▶ **DATASET SECTION**:
>>

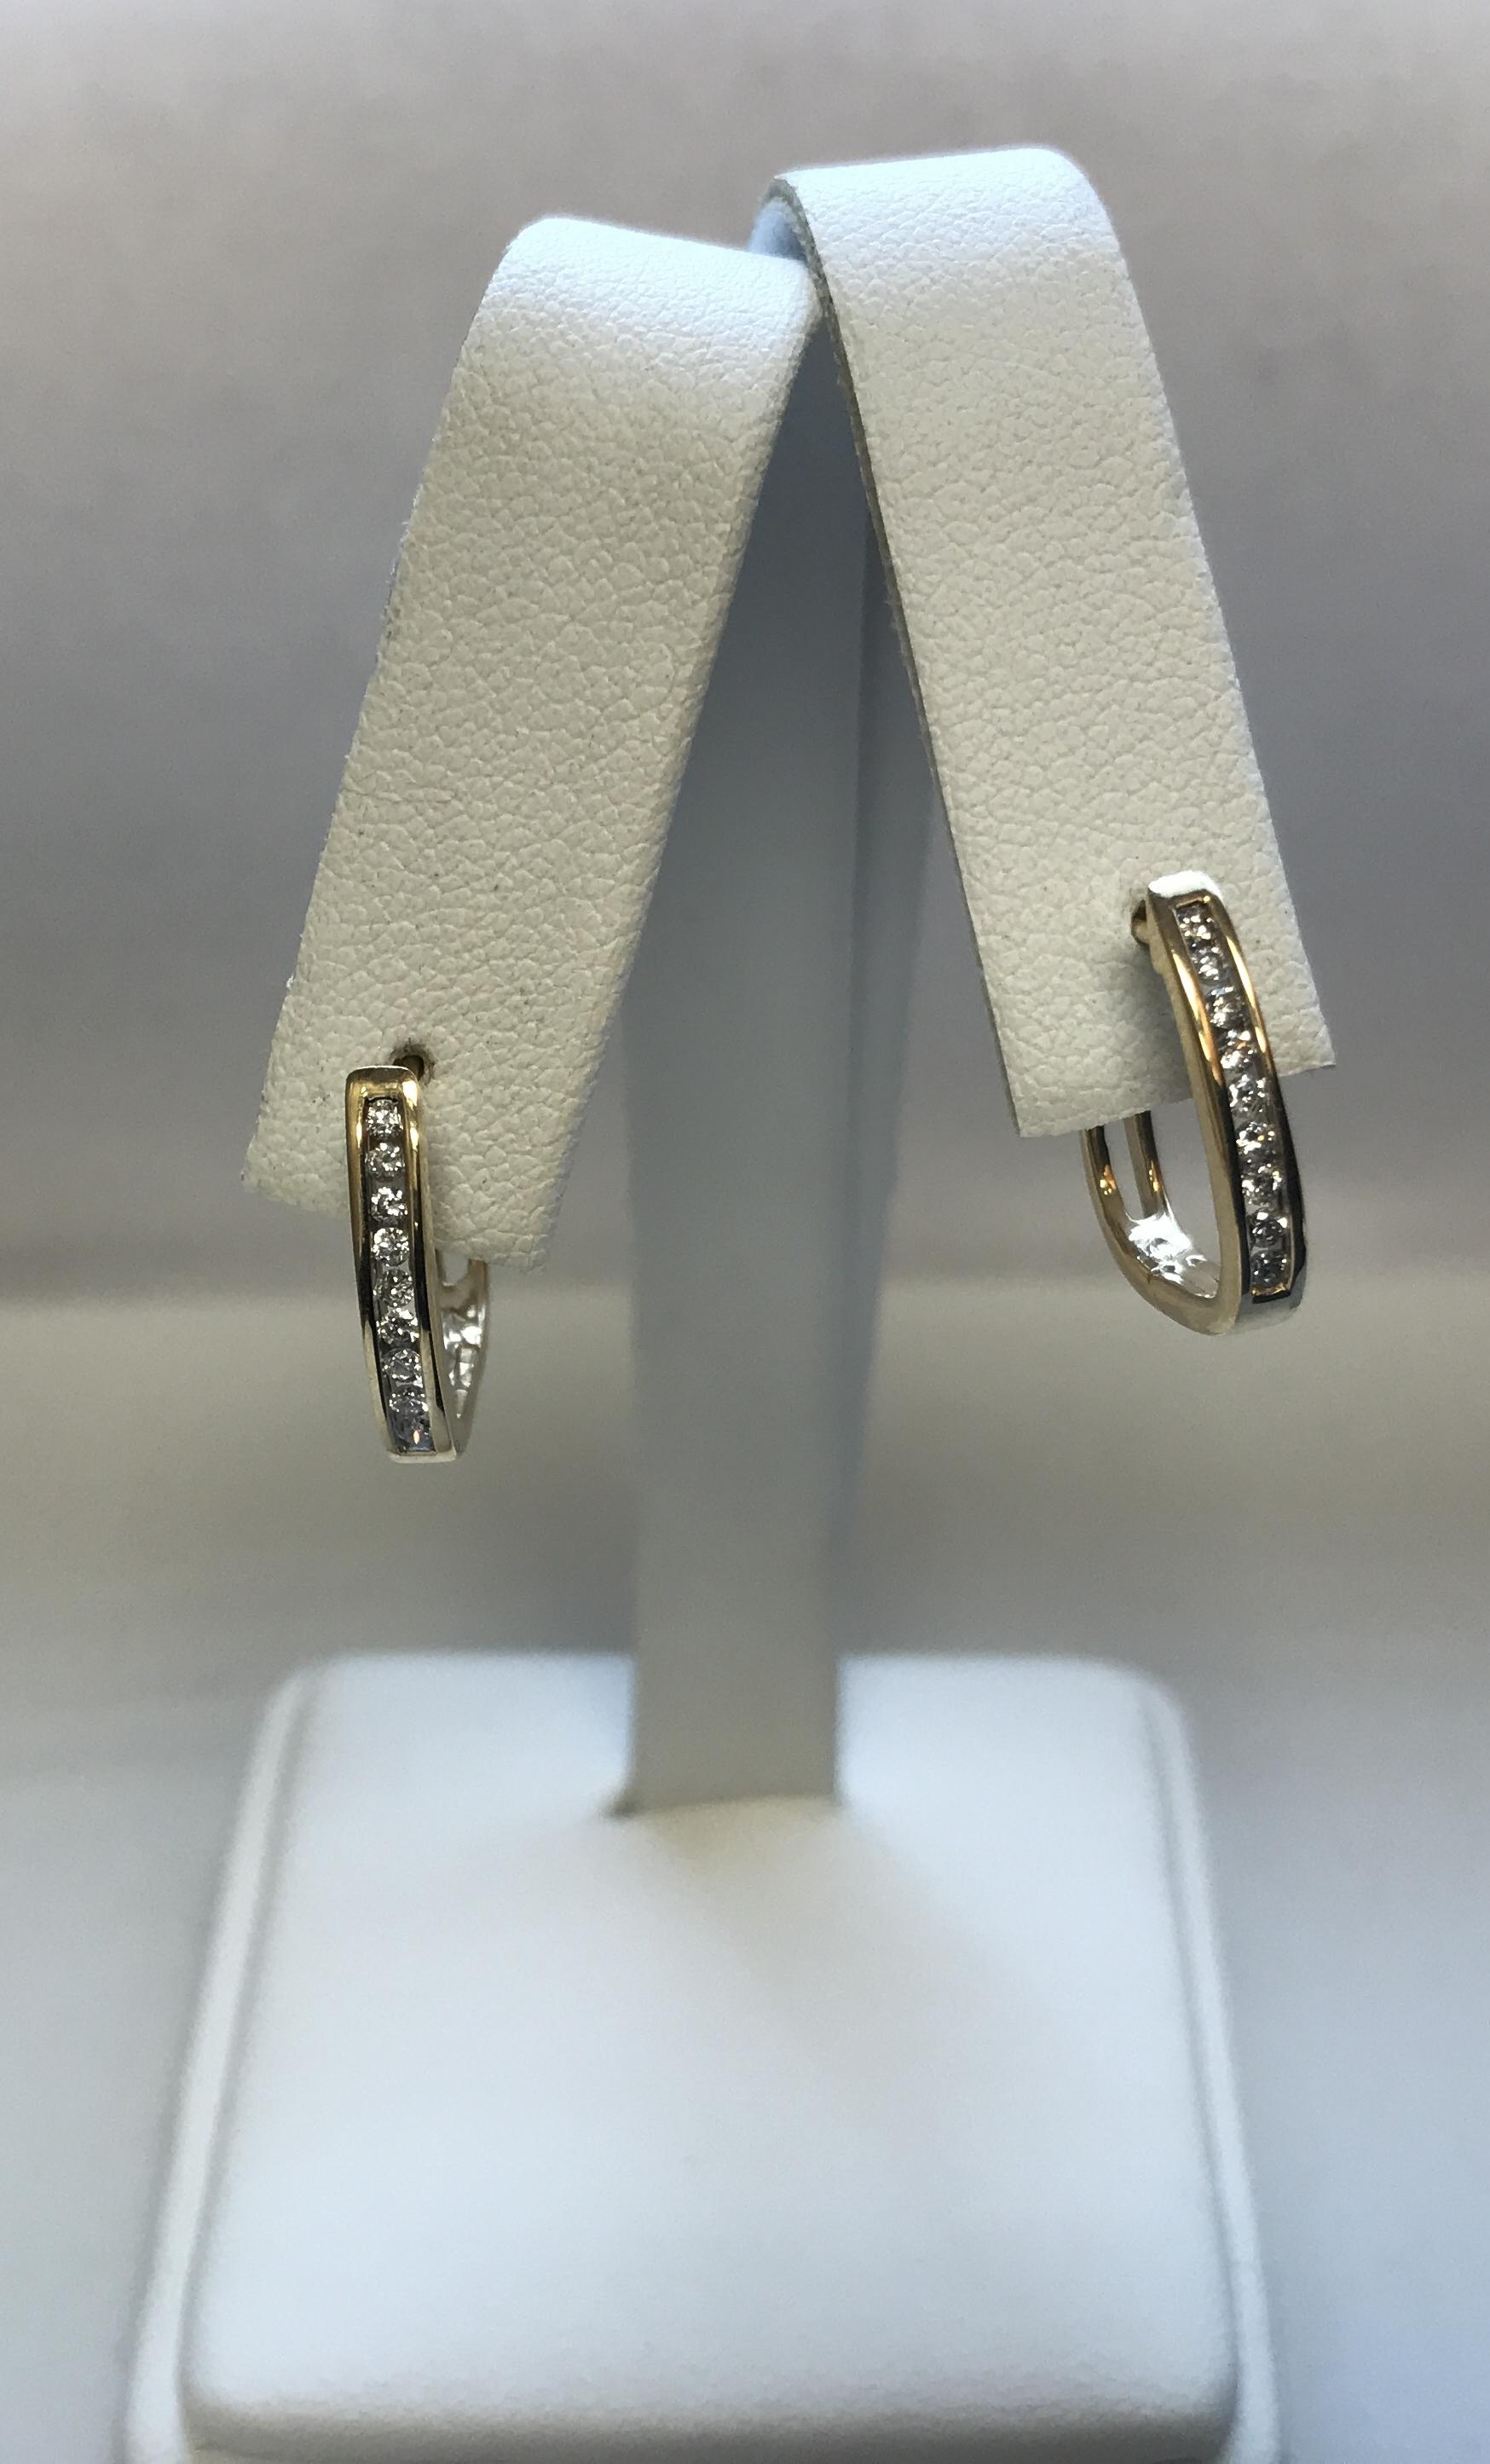 Diamond Hoop Earrings - 14k Gold Channel Set Round Cut Pierced
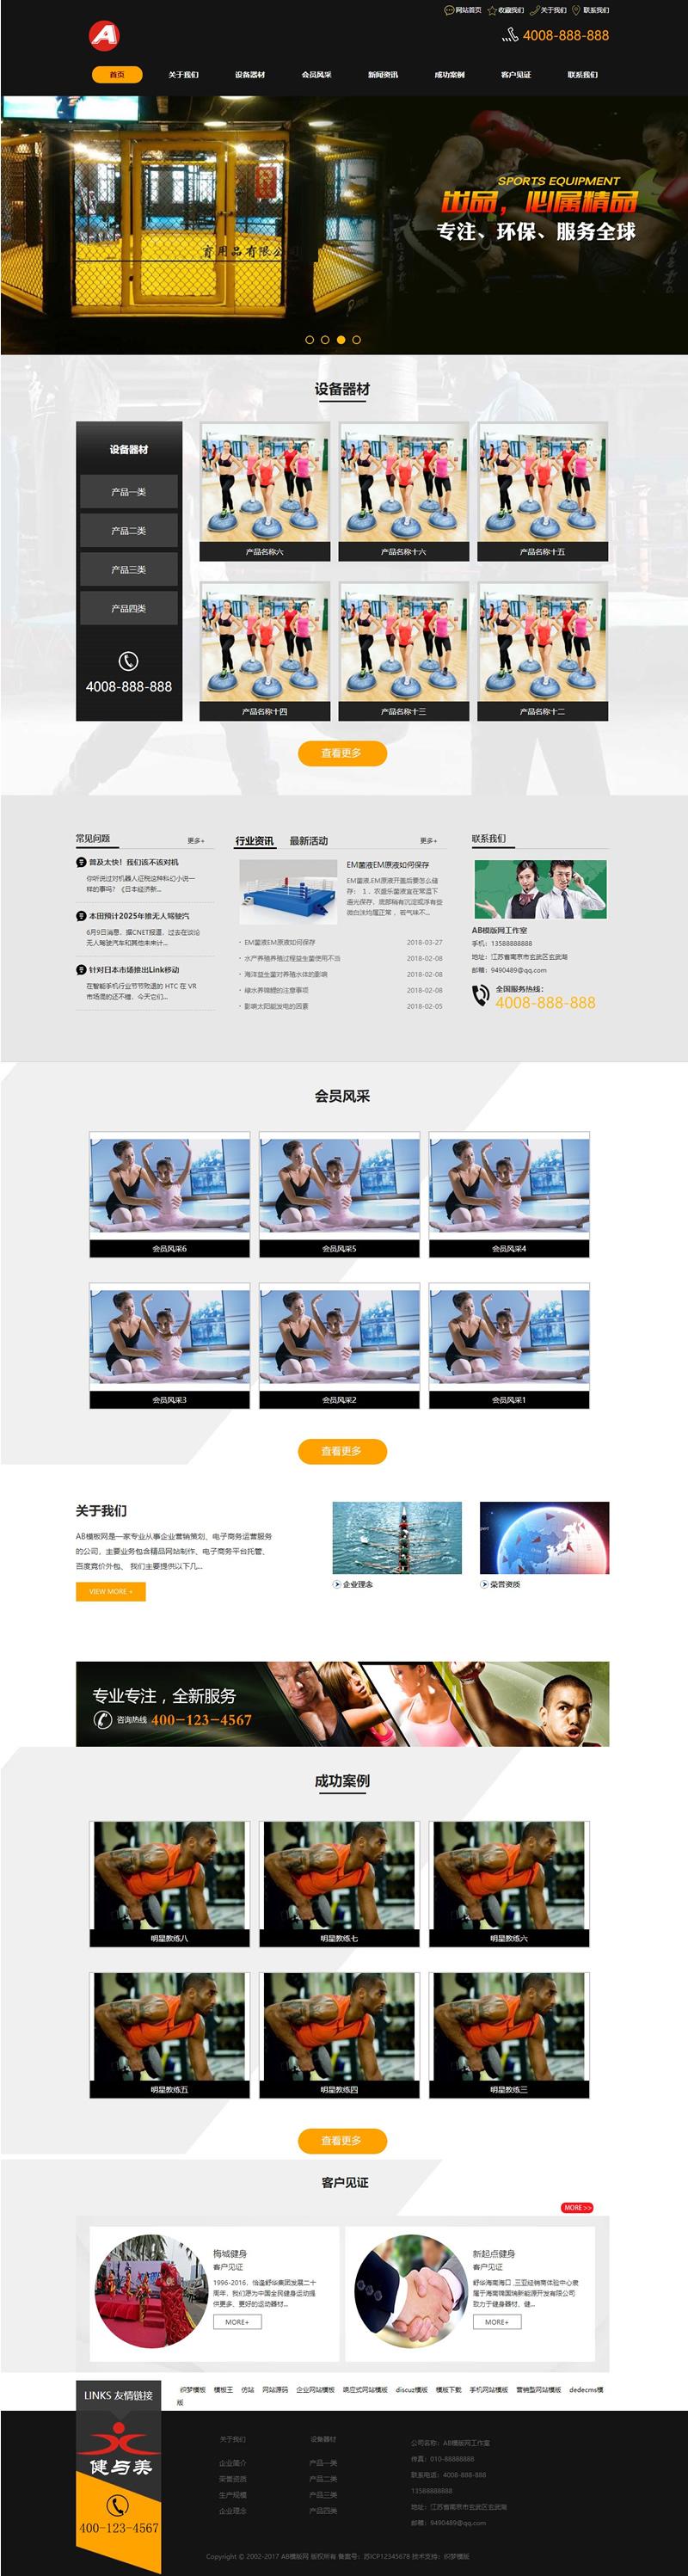 织梦dedecms模板黑色健身器材网站模板源码电脑端+手机版数据同步
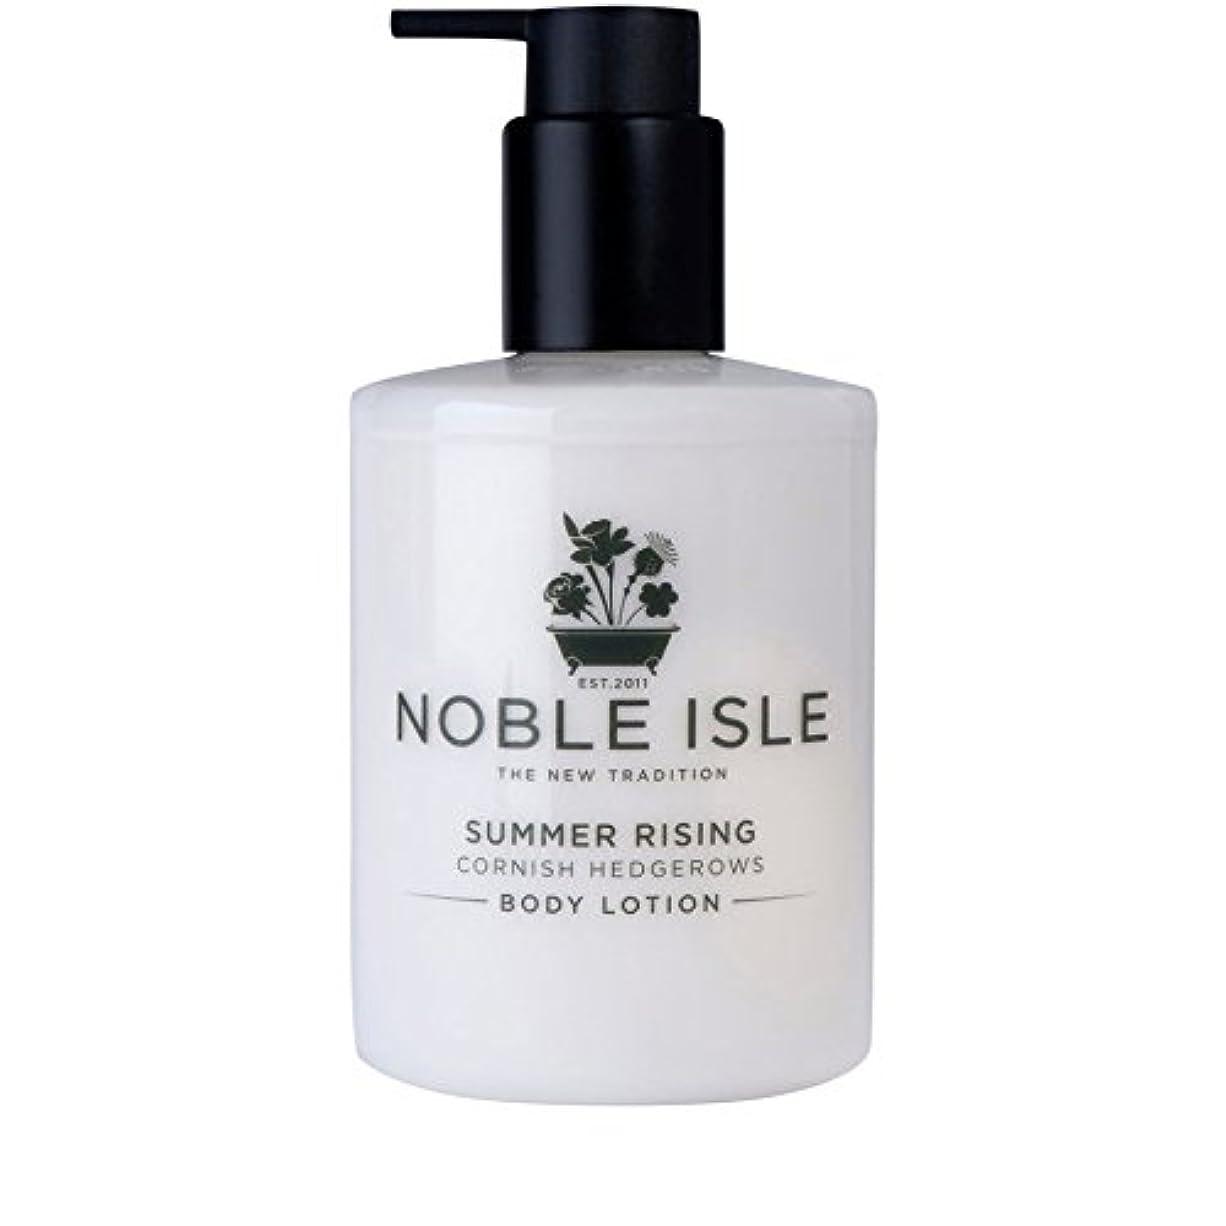 手順関係ないぼんやりしたコーニッシュ生け垣ボディローション250ミリリットルを上昇高貴な島の夏 x4 - Noble Isle Summer Rising Cornish Hedgerows Body Lotion 250ml (Pack of...

<<

▶ **TASK DETAILS**:
What is needed is an exact repeat of only the lines from the one containing "织梦dedecms模板黑色健身器材网站模板源码电脑端+手机版数据同步" through the last line of the listing above, both ends included, without the pictures.

▶ **TASK RESULT**:
 织梦dedecms模板黑色健身器材网站模板源码电脑端+手机版数据同步
 手順関係ないぼんやりしたコーニッシュ生け垣ボディローション250ミリリットルを上昇高貴な島の夏 x4 - Noble Isle Summer Rising Cornish Hedgerows Body Lotion 250ml (Pack of...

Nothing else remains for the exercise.